Rudy has published more than 200 technical papers and has graduated 18 doctoral and 20 master’s students.
He is a member of the National Academy of Engineering, a fellow of the Institute of Electrical and Electronics Engineers, a fellow of the American Institute of Medical and Biological Engineering and a fellow of the American Physiological Society. He is the recipient of a Merit Award from the National Institutes of Health, the Biomedical Engineering Society Distinguished Lectureship Award, the Gordon K. Moe Professorship Award and the Ueda Memorial Award.
“We are excited to have Dr. Rudy join us at Washington University after such a distinguished career at Case Western Reserve University,” Yin said.
Saigh was born in Springfield, Ill., in 1905, the son of Lebanese immigrants who owned a chain of grocery stores. The oldest of five children, Saigh was brought up in Kewanee, Ill., and attended Bradley University.
He loved sports and was an excellent student, graduating from the Northwestern University School of Law at the age of 21. Saigh’s commitment to hard work and determination led to his rapid rise to success as an attorney.

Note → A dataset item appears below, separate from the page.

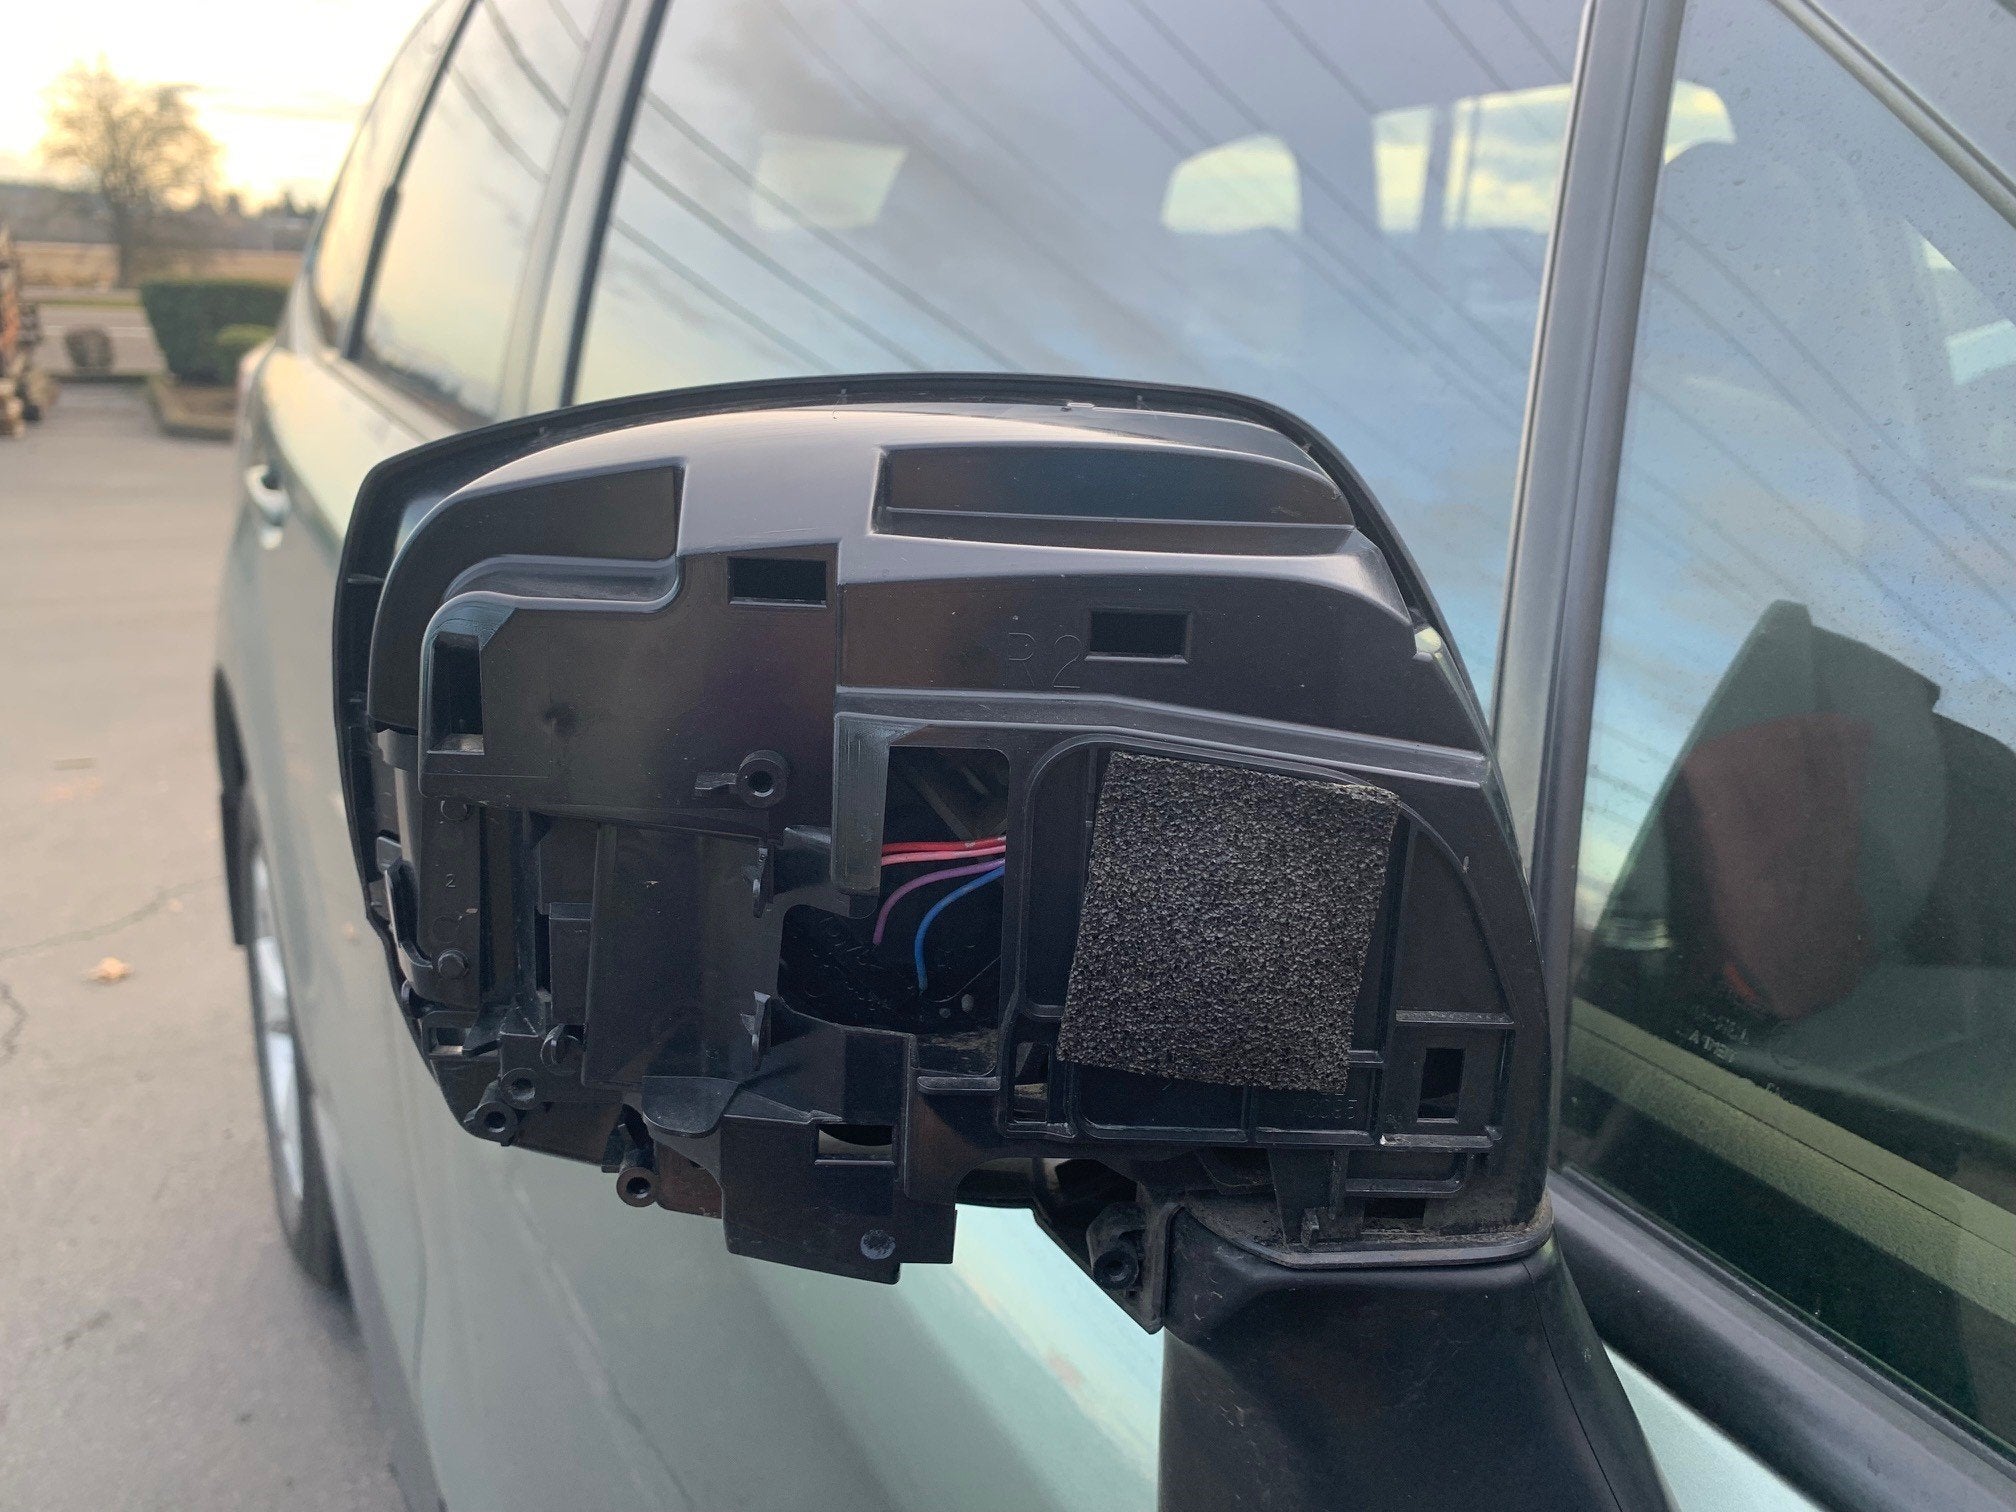 https://www.subaruforester.org/attachments/forester-mirror-housing-missing-jpg.590576/
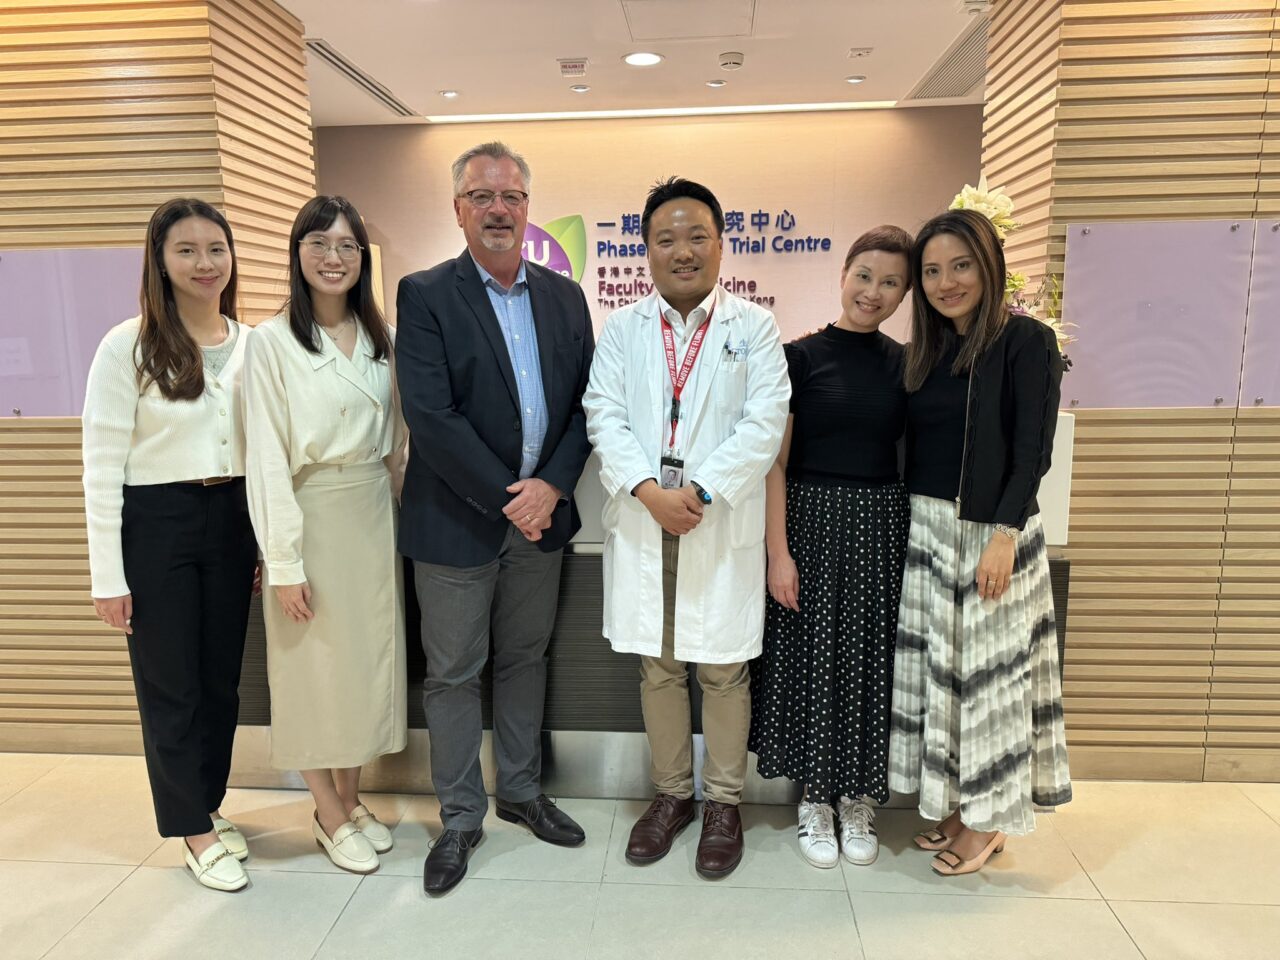 Herbert Loong: Thanks Harald A. Weber and local Pfizer team for your visit to our Faculty of Medicine of the Chinese University of Hong Kong

In 1946, he became an investor in historic downtown St. Louis by purchasing the architecturally notable Railway Exchange Building and Syndicate Trust Building. In the late 1940s, Saigh and Robert Hannegan, postmaster general and Democratic Party chairman, purchased the St. Louis Cardinals from Sam Breadon. In 1949, when Hannegan’s health failed, Saigh bought out his partner’s share.
Saigh knew little about the business of baseball, but he was a quick study and worked hard to learn as much as he could, as quickly as he could, about America’s pastime. He was considered a generous and fair owner by players and fans alike. Early on, he gave many players — including rookies — substantial salary raises, above and beyond major-league guidelines.
In one famous incident from the spring of 1952, Saigh put a blank contract in front of the legendary Stan Musial and told him to fill in the amount he felt he deserved. “Stan the Man” wrote in $85,000. The figure was acceptable to both parties.
In 1953, Saigh sold the team to Anheuser-Busch for $750,000 less than he would have received from out-of-state interests. He was adamant that the Cardinals stay in St. Louis, and his act ensured this.
In his later years, Saigh devoted himself to friends and family, and to assisting those less fortunate. He died in 1999 at the age of 94, after a brief illness.
The Saigh Foundation pays tribute to him by continuing to honor his contribution to the community and by extending his most important gifts to those in need.